== Activity ==
Only the lines below starting at the one containing "001 Wondrou Alice" and ending at the one containing "Parosh \N Kleid" belong in the answer, each copied exactly.

╭─ Provided data

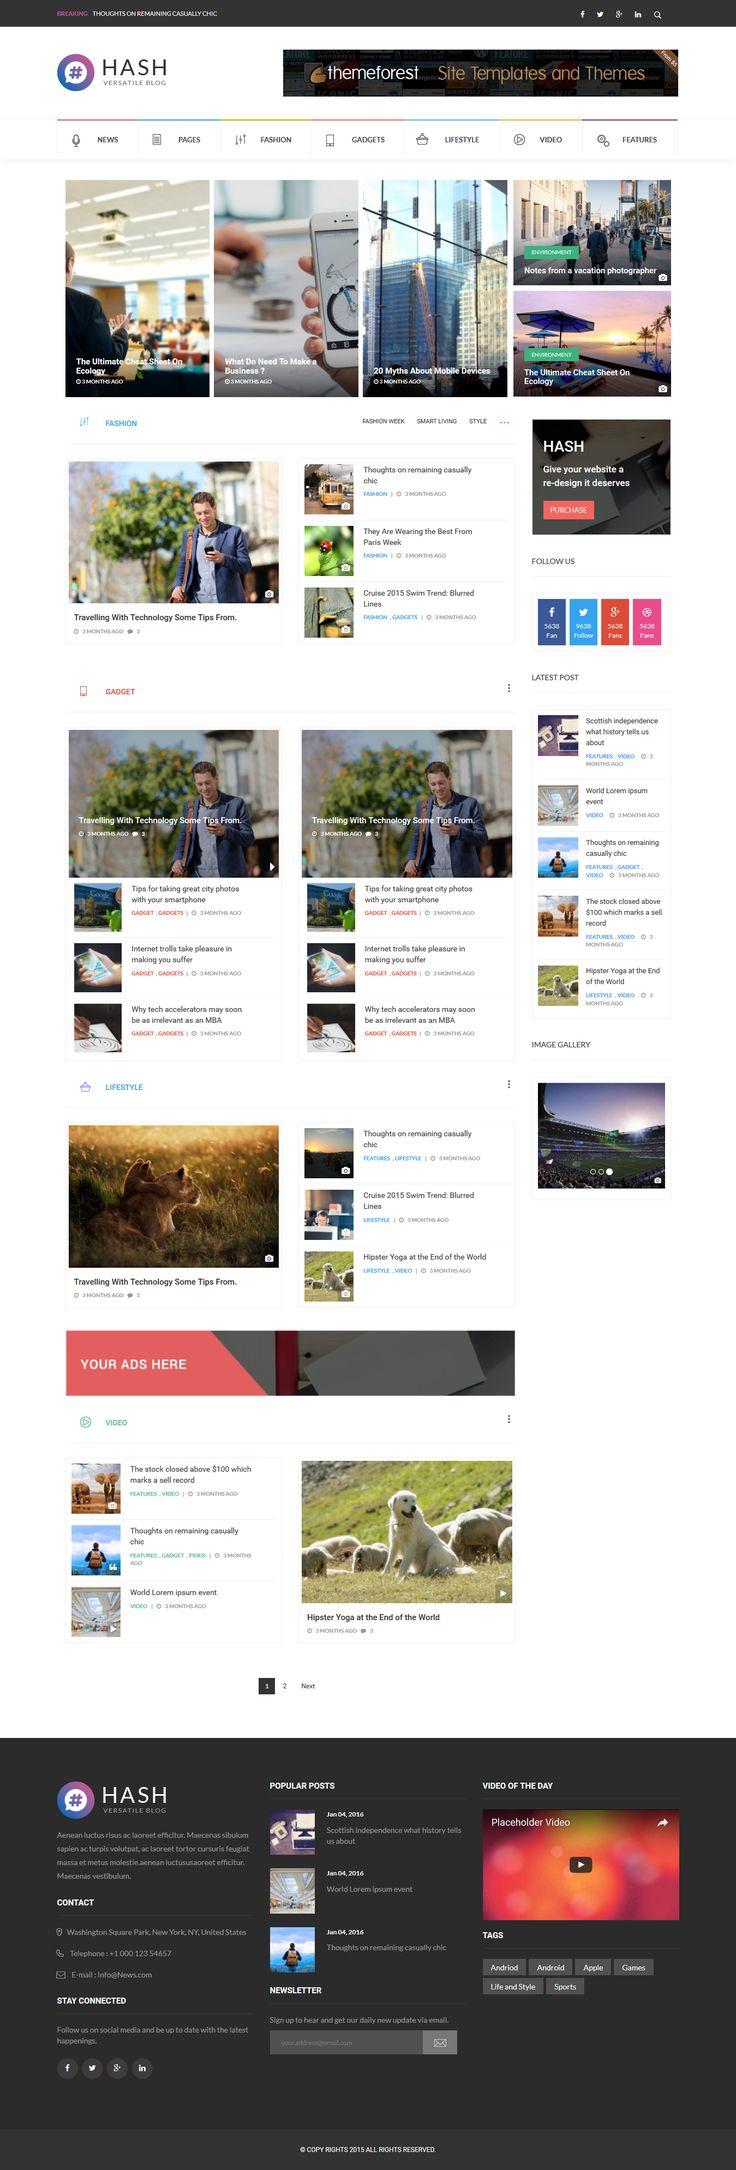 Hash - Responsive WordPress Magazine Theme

╰─
╭─ Provided data

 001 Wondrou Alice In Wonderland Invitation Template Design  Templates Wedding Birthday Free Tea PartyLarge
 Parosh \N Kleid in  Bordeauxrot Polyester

╰─
╭─ Provided data

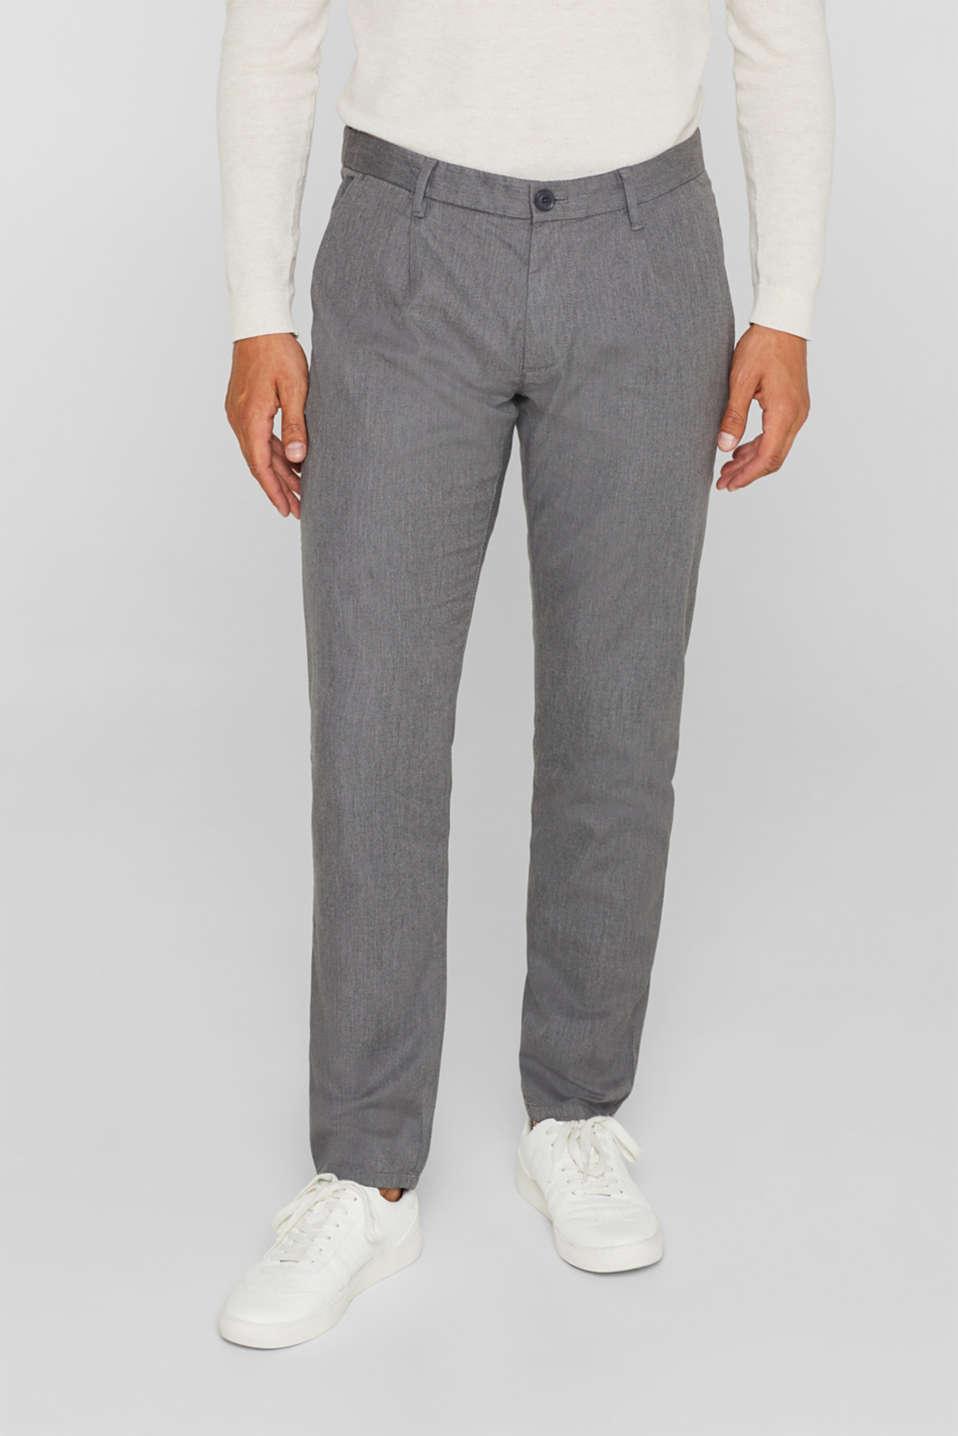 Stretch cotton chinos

╰─

== Solution for this exercise ==
 001 Wondrou Alice In Wonderland Invitation Template Design  Templates Wedding Birthday Free Tea PartyLarge
 Parosh \N Kleid in  Bordeauxrot Polyester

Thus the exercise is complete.